Traditional TDM transport technologies support fixed bandwidth with no statistical multiplexing. The bandwidth is reserved in the transport network, regardless of whether or not it is used by the client. In contrast, packet technologies support statistical multiplexing. This is the most important motivation for the transition from traditional transport technologies to packet transport technologies. The proliferation of new distributed applications that communicate with servers over the network in a bursty fashion has been driving the adoption of packet transport techniques, since packet multiplexing of traffic from bursty sources provides more efficient use of bandwidth than traditional circuit- based TDM technologies.
Flexible data rate connections:
The granularity of data rate connections of traditional transport technologies is limited to the rigid Plesiochronous Digital Hierarchy (PDH) hierarchy (e.g., DS1, DS3) or SONET hierarchy (e.g., OC3, OC12). Packet technologies support flexible data rate connections. The support of finer data rate granularity is particularly important for today's wireline and wireless services and applications.
Traditional transport technologies (such as TDM) provide bandwidth guarantees, but they are unaware of the types of traffic they carry. They are not packet aware and do not provide packet-level services. Packet transport can provide the differentiated services capability needed to support oversubscription and to deal with traffic prioritization upon congestion: issues that arise only in packet networks.
The root cause for transport moving to packet transport is the shift of applications from TDM to packet -- for example, Voice TDM to VoIP, Video to Video over IP, TDM access lines to Ethernet, and TDM VPNs to IP VPNs and Ethernet VPNs.
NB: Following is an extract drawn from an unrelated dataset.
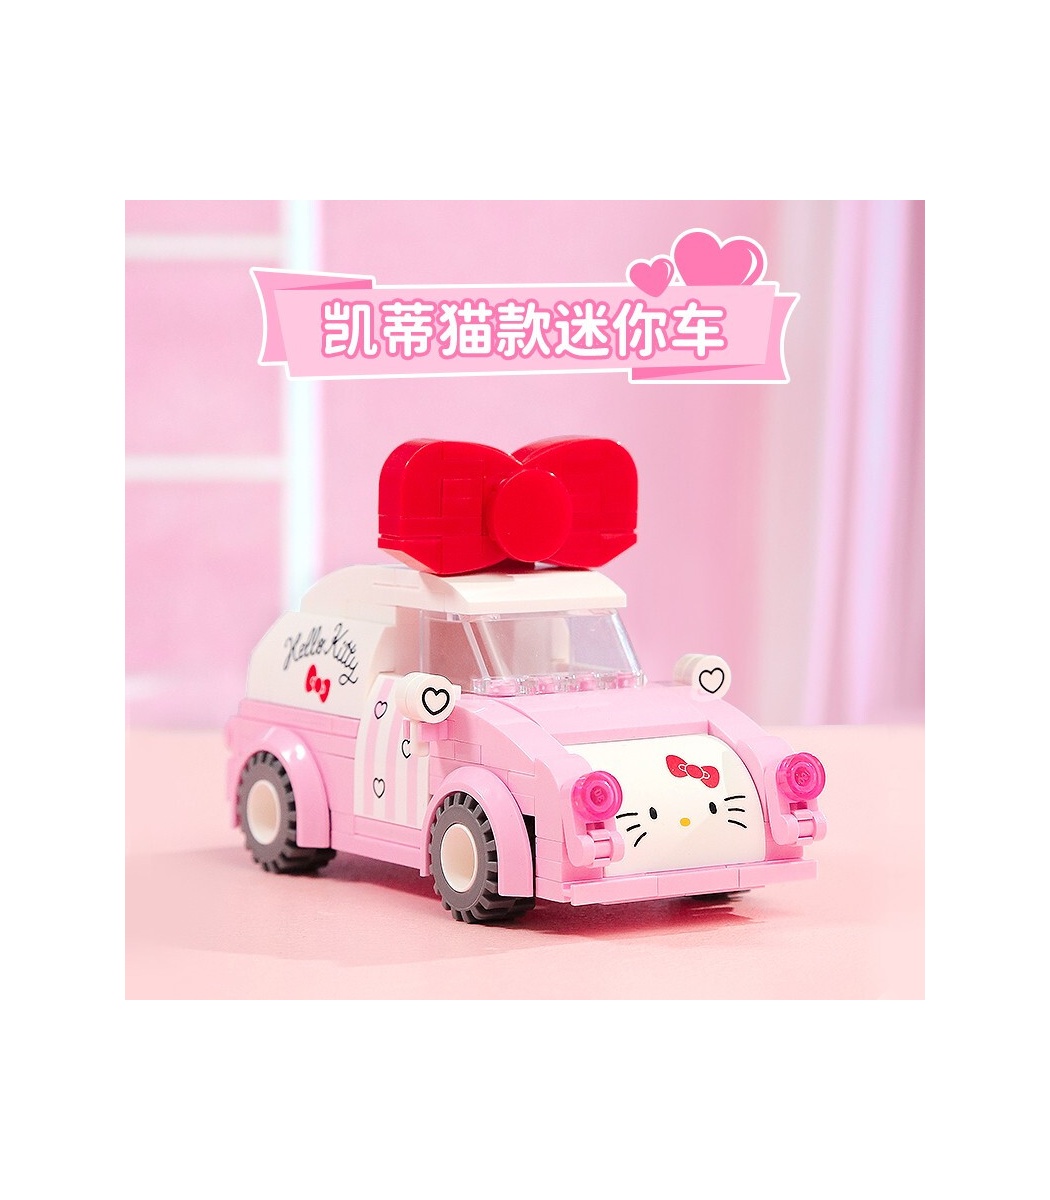 Keeppley K20805 Hello Kitty Series Mini Car Building Blocks Toy Set 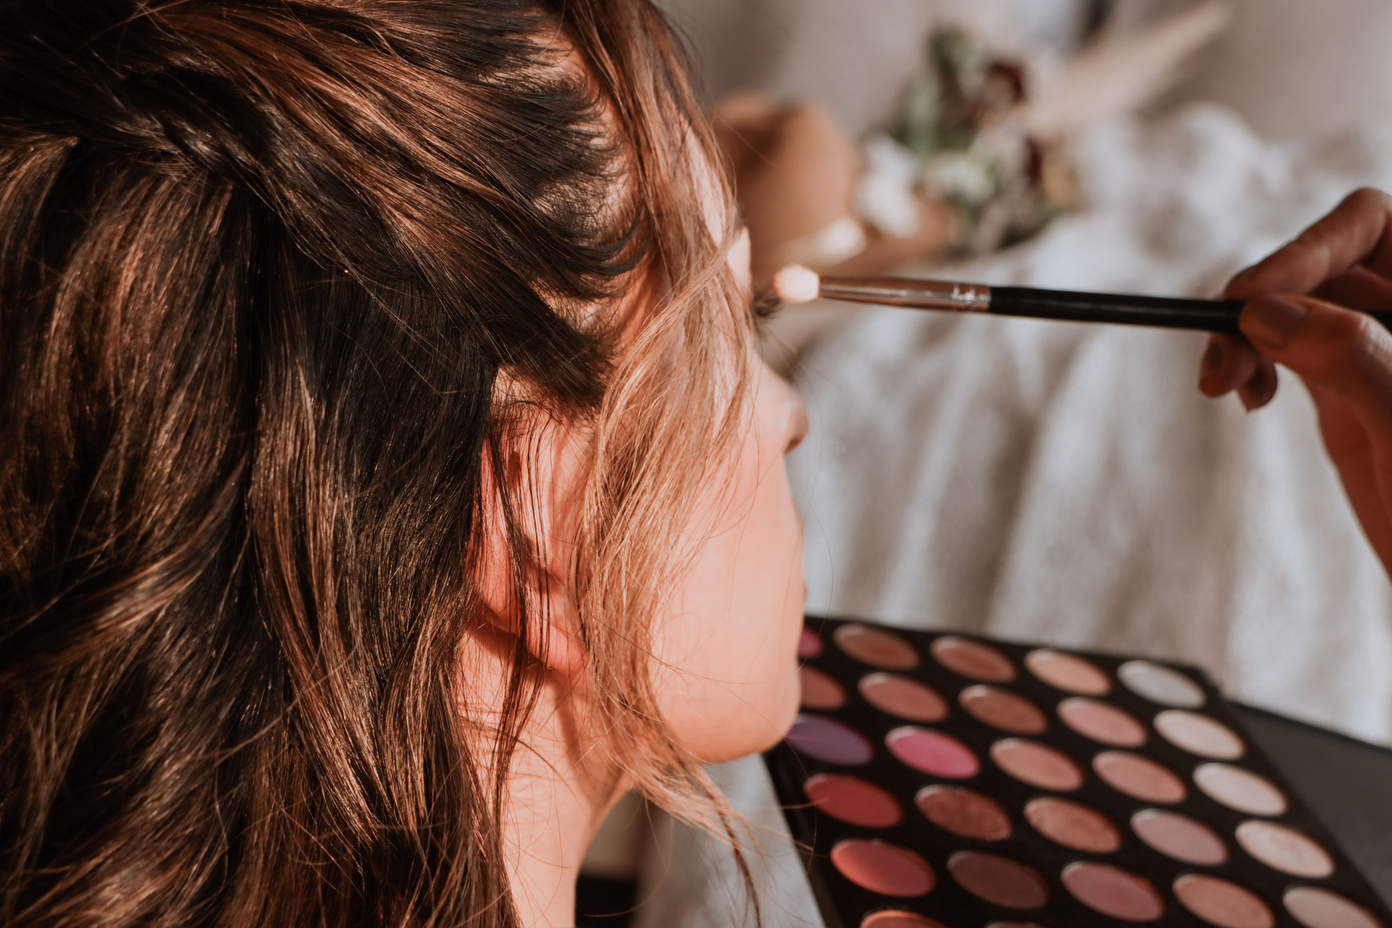 Makeup Artist Applying Makeup on Bride's Face

In addition, network convergence and technology refreshes contribute to the demand for a common and flexible infrastructure that provides multiple services.
As part of the MPLS family, MPLS-TP complements existing IP/MPLS technologies; it closes the gaps in the traditional access and aggregation transport to enable end-to-end packet technology solutions in a cost efficient, reliable, and interoperable manner. After several years of industry debate on which packet technology to use, MPLS-TP has emerged as the next generation transport technology of choice for many Service Providers worldwide.
The Unified MPLS strategy -- using MPLS from core to aggregation and access (e.g., IP/MPLS in the core, IP/MPLS or MPLS-TP in aggregation and access) -- appears to be very attractive to many SPs. It streamlines the operation, reduces the overall complexity, and improves end-to-end convergence. It leverages the MPLS experience and enhances the ability to support revenue-generating services.
MPLS-TP is a subset of MPLS functions that meet the packet transport requirements defined in [RFC5654]. This subset includes: MPLS data forwarding, pseudowire encapsulation for circuit emulation, and dynamic control plane using GMPLS control for LSP and tLDP for pseudowire (PW). MPLS-TP also extends previous MPLS OAM functions, such as the BFD extension for proactive Connectivity Check and Connectivity Verification (CC-V) [RFC6428], Remote Defect Indication (RDI) [RFC6428], and LSP Ping Extension for on-demand CC-V [RFC6426]. New tools have been defined for alarm suppression with Alarm Indication Signal (AIS) [RFC6427] and switch-over triggering with Link Down Indication (LDI) [RFC6427]. Note that since the MPLS OAM feature extensions defined through the process of MPLS-TP development are part of the MPLS family, the applicability is general to MPLS and not limited to MPLS-TP.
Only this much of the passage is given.